These are but the mountain peaks in the great epoch of the Papacy. That golden age came to a close shortly after the year 1500; in 1517, Martin Luther posted his protest on the church door at Wittenberg; twenty years later, the Act of Supremacy asserted the independence of the Church of England.
It is not without interest to remember that in 1493, a few years before the close of that golden age, a Papal award practically gave a monopoly of most of the world’s seas to Spain and Portugal, a grant whose results are still written large on the face of the world. Thus the Pope’s dividing line ran across what is now Brazil; everything to the east of this went to Portugal; everything to the west went to Spain. So it happens that Brazil still speaks Portuguese, while the rest of South America speaks Spanish. To the same award is due the presence of Portuguese colonies in both East and West Africa, on the Bombay coast, at Macao in China, at Timor in the East Indies — an empire still girdling the globe. Interest is added to this award of 1493 by the fact that, in his appeal to the belligerent nations, Pope Benedict XV makes a special plea for ‘the freedom of the seas.’
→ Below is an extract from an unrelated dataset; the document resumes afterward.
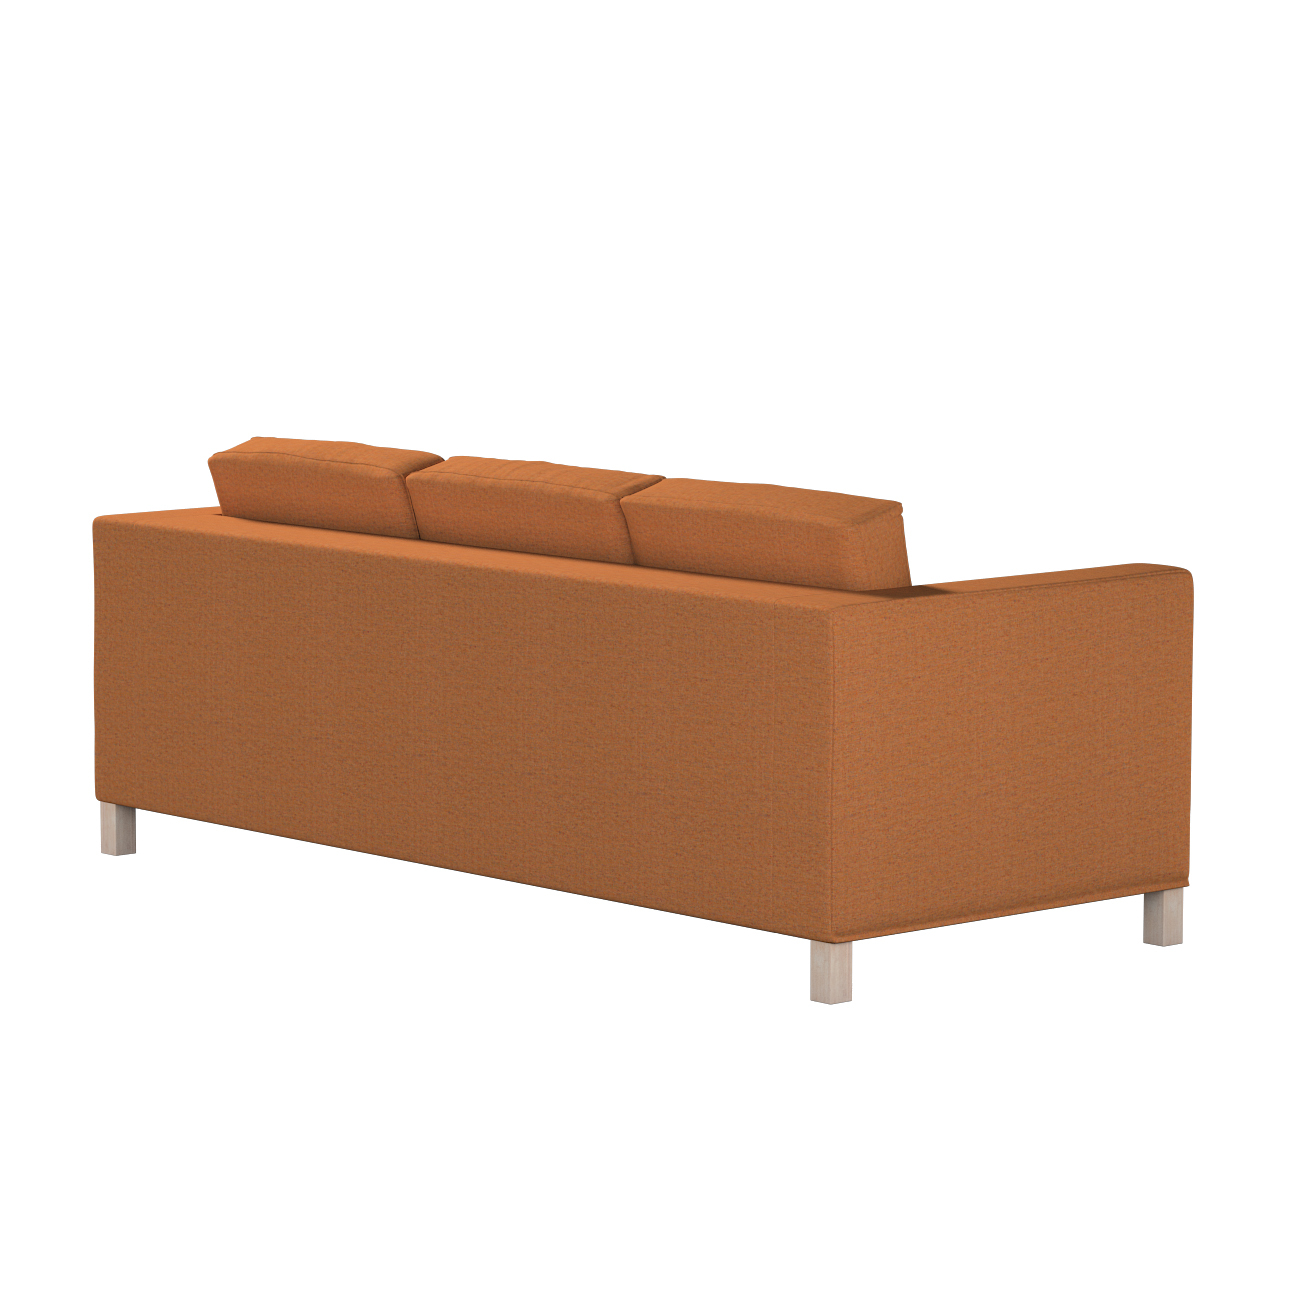 Bezug für Karlanda 3-Sitzer Sofa nicht ausklappbar, kurz, orange, Bezug für günstig online kaufen
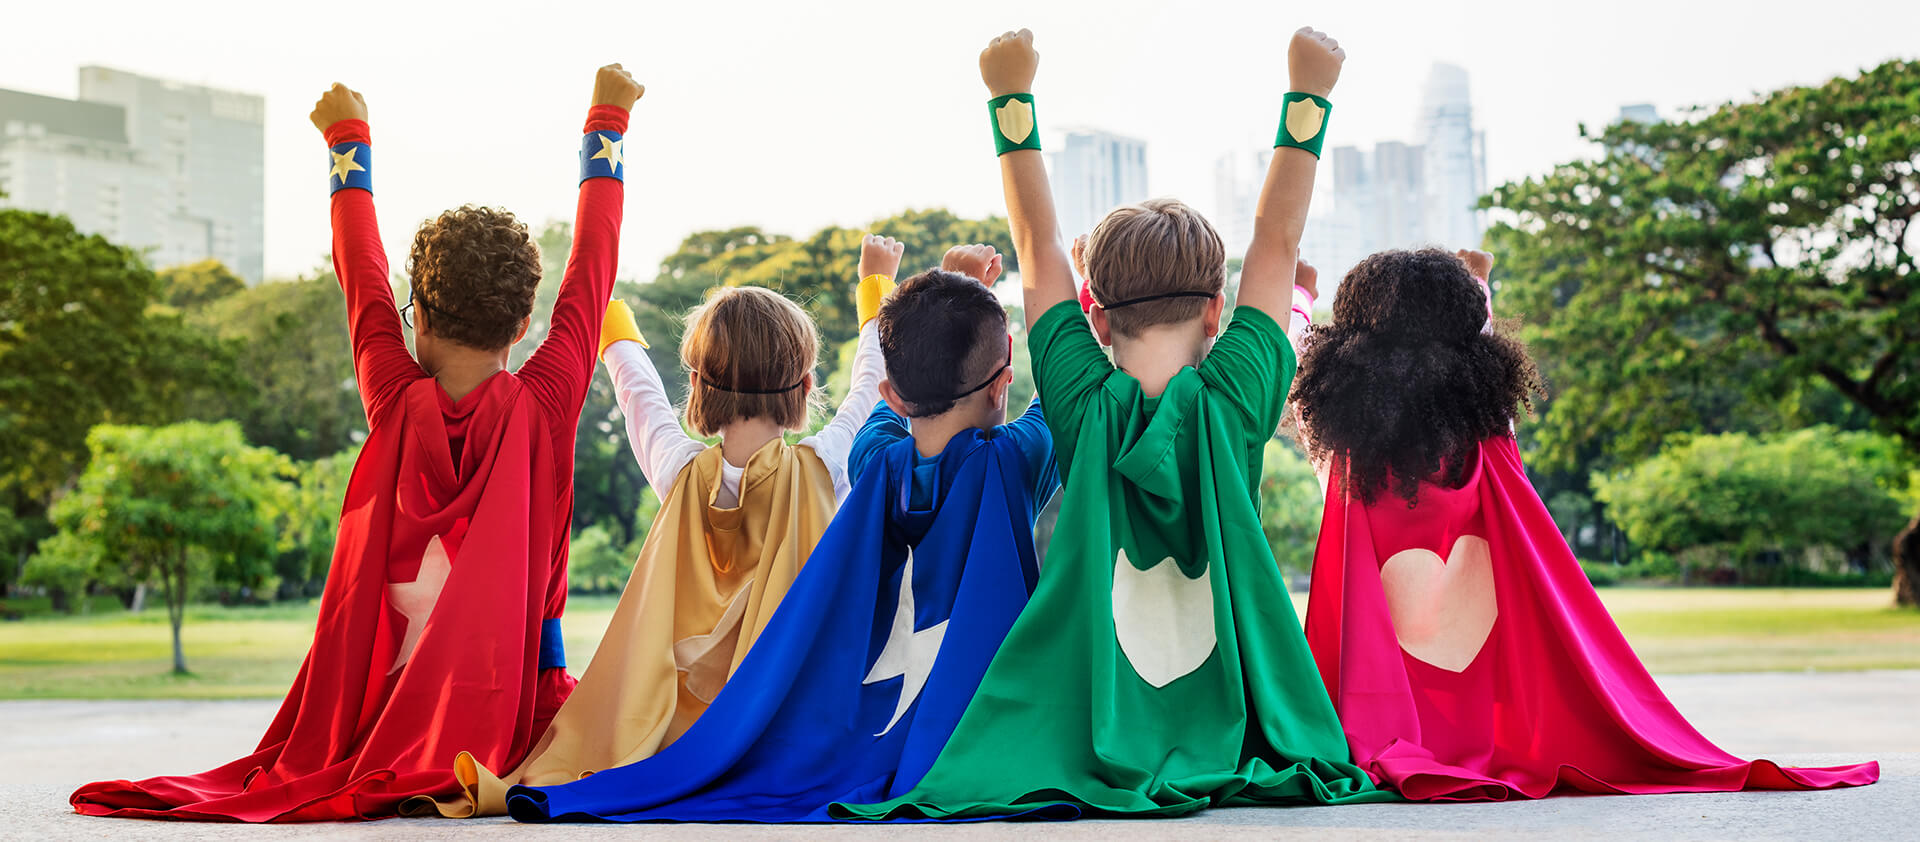 Little kids dressed as superheroes

But the essence of the whole matter is that, according to the theory of that whole epoch, as summed up by Pope Gregory VII, the Pope, as the immediate representative of God, was to be the final arbiter between kings.
‘The final arbiter between kings’ — that is the larger idea of the temporal power. And, while it seems to be clear that Pope Benedict XV has not at present in view the lesser temporal power, to derive from a small princedom in Italy, he has very clearly in view this larger, more magnificent temporal power, which includes a general suzerainty of the world. This would appear to be the real meaning of the sentences we have quoted, with the sentence which immediately follows: ‘Perfect impartiality toward all belligerents, as is suitable for him who is the common Father of all and who loves all his children with equal affection; continually to attempt to do all the good possible and without exception of person, without distinction of nationality or religion as is dictated to us by the universal law of charity which the Supreme Spiritual charge has confided to us with Christ.’ (I quote without change from the somewhat inadequate published translation.)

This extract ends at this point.